The sgRNA representations in the lung metastases are similar to those in the late stage primary tumors in several ways. First, the detected sgRNAs in lung samples significantly overlap with those in late tumor samples (Chi-square test, p < 10−15) (Figure S3 E). Second, the number of sgRNAs detected in lung samples correlates, albeit weakly, with the number of sgRNAs detected in late primary tumor samples (ρ= 0.42, F-test, p = 0.097) (Figure S3 F). Third, the abundance (number of reads) of sgRNAs in the lung positively correlates with that in the late primary tumors of the same mouse (correlation, ρ = 0.18 on average, F-test, p < 0.01, n = 9) (Figure S3 G). Fourth, in most mice (8/9), the lung metastasis enriched sgRNAs also occupy a large fraction of reads in the late primary tumor of the same mouse (Figure 4C, left panel), significantly larger than a random sampling of the same number of sgRNAs from the mGeCKOa library (Figure 4C, right panel). These data indicate that mutants with preferential ability to proliferate in late primary tumors are more likely to dominate the metastases.

The three methods (threshold, rank, or FDR) of finding enriched sgRNAs in the lung metastases yield similar results (Figure S4 B). Using the non-targeting sgRNA distribution to set a FDR-based cutoff for enrichment, the enriched sgRNAs in different lobes of the same mouse overlap with each other by 62% ± 5% (Chi-square test, p < 10−15) (Figure S4 C), while different mice show greater variability while still overlapping significantly (29% ± 3% Chi-square test, p < 10−15) (Figure S4 D).

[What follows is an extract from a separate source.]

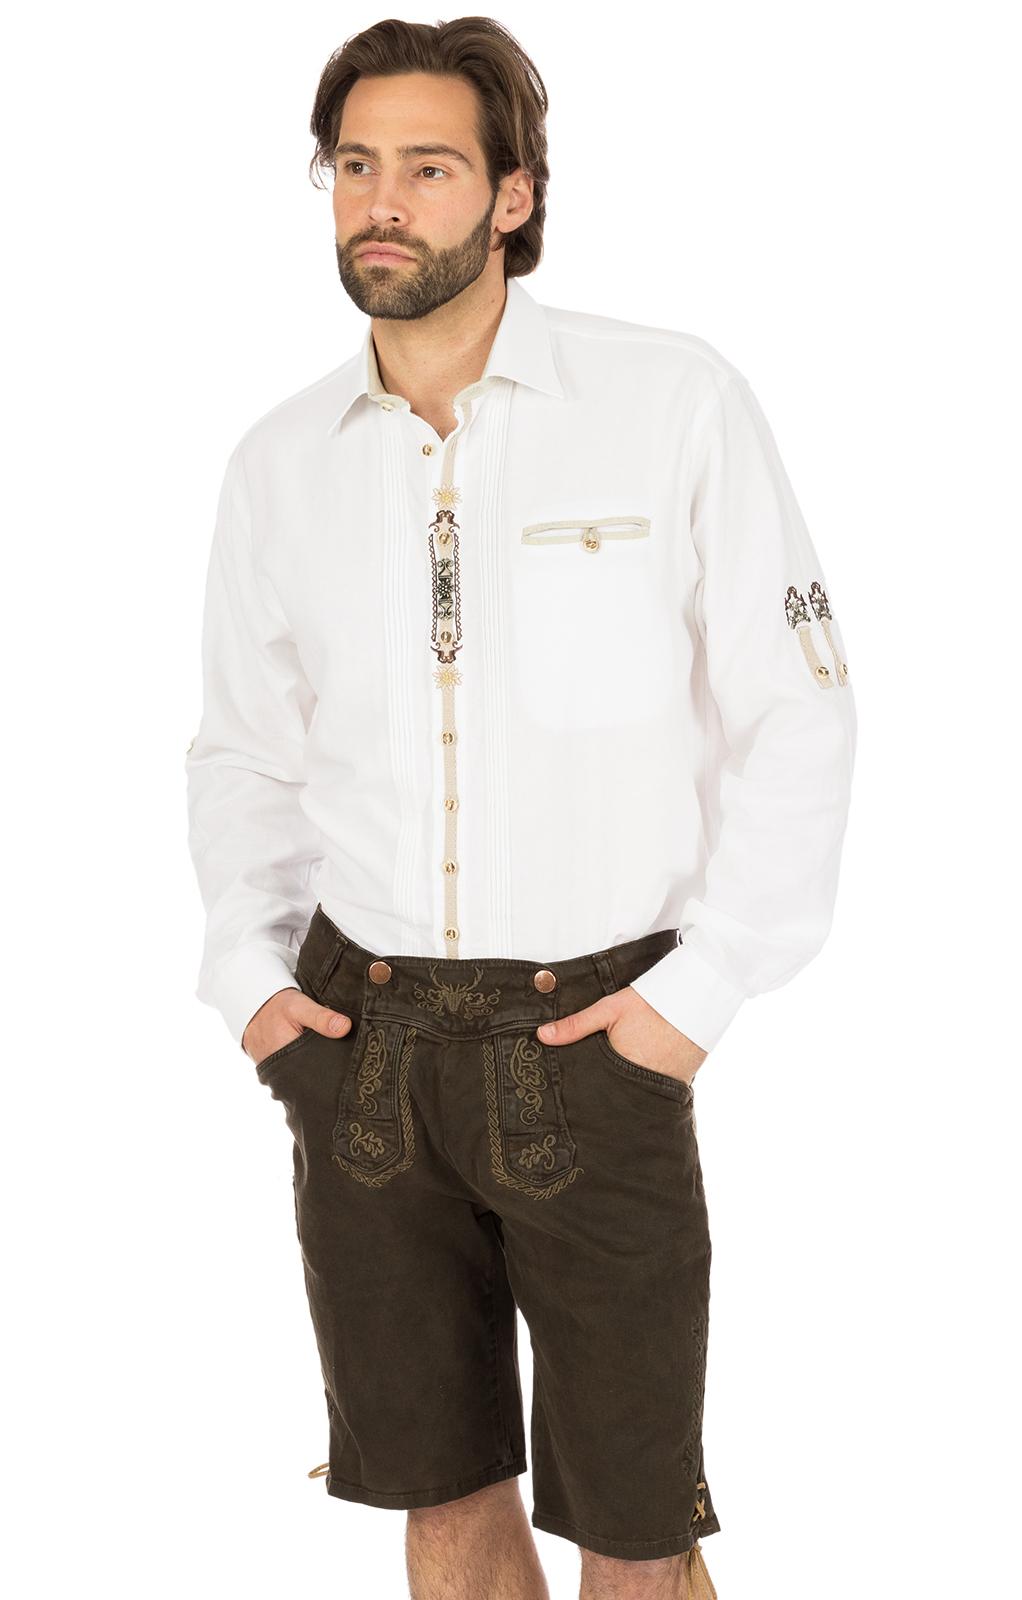 Tiroler korte jeanshort bruin von Hangowear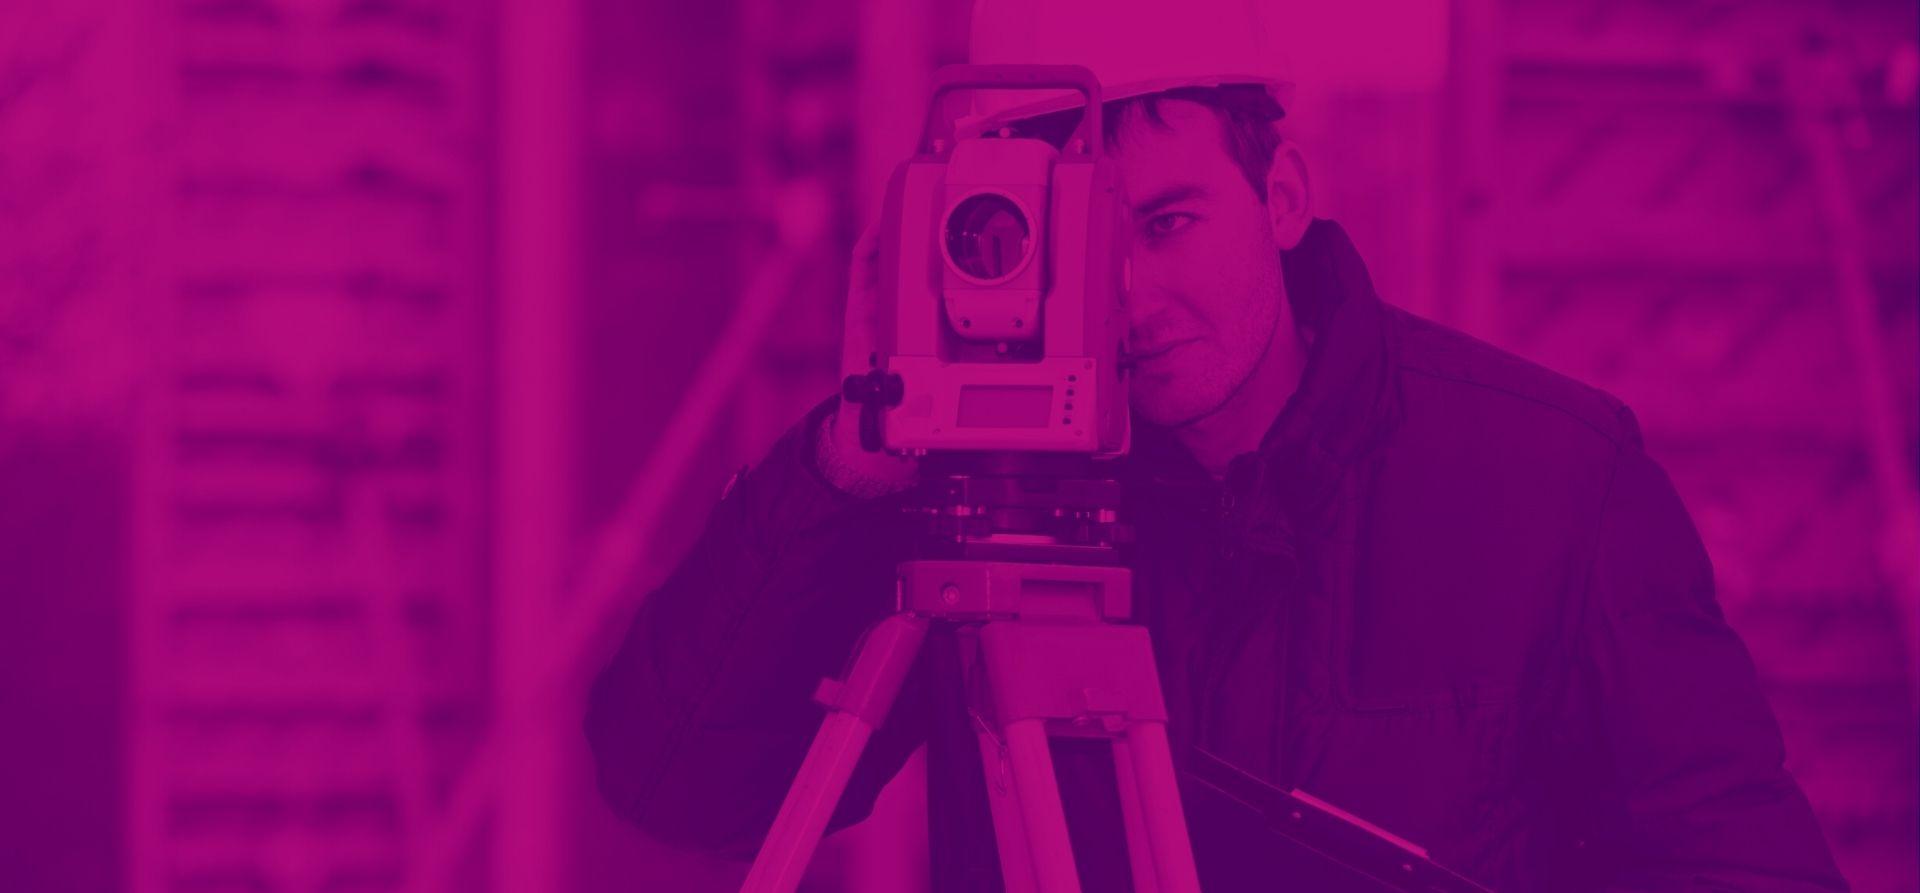 Meet Noah, Graduate Quantity Surveyor at Linear Projects article

The overlap between sgRNAs in different biological / infection replicate experiments when pooling enriched sgRNAs from all mice in the same replicate is 54% (Chi-square test, p < 10−15) (Figure S4 E), suggesting pooling sgRNAs from mice in the same experiment facilitates the identification of shared hits. These data suggest that the three independent experiments reproducibly captured a common set of hits, and provides a picture for in vivo experimental variation between different lobes, different animals and different infection replicates.

We found 147 sgRNAs enriched in more than one lobe, and 105 sgRNAs enriched in the lung of more than one mouse (Figure 4D–E). These include sgRNAs targeting Nf2, Pten, Tripartite motif-containing protein 72 (Trim72), Fibrinogen Alpha Chain (Fga), Bid, Cyclin-dependent kinase inhibitor 2a (Cdkn2a), Zinc Finger FYVE Domain Containing 28 (Zfyve28), Reproductive homeobox 13 (Rhox13), BRISC and BRCA1 A complex member 1 (Babam1), as well as microRNA genes miR-152 and miR-345. Intriguingly, a few sgRNAs targeting the Pol II subunits and olfactory receptor are also enriched in the lung, possibly due to off-target effects or unknown roles of these genes. For most sgRNAs detected in lung metastases, the relative abundance in metastases is lower than that in the late primary tumor of the same mouse, with a metastasis-primary ratio (MPR) less than 1 (Figure S4 F), likely due to more skewed distributions of sgRNAs in the metastases compared to those in the late primary tumors. A small subset of sgRNAs, however, are more abundant in metastases than in primary tumors (MPR > 1) in multiple mice (e.g. sgRNAs targeting Nf2, Trim72, Prostaglandin E Synthase 2 (Ptgse2) or Ubiquitin-conjugating enzyme E2G 2 (Ube2g2)) (Figure 4F).

For four genes, Nf2, Pten, Trim72, and Zfyve28, two independent sgRNAs targeting different regions of the same gene were enriched in lung metastases (Figure 4G). One of the Zfyve28-targeting sgRNAs, however, is enriched in only one mouse; whereas Nf2, Pten and Trim72 all have two sgRNAs enriched in multiple mice (Figure 4H). These three genes, several representative genes with one frequently enriched sgRNA (Cdkn2a, Fga, Cryba4), and the top two scoring microRNAs (miR-152 and miR-345) were chosen to assay individually for primary tumor growth and metastases formation.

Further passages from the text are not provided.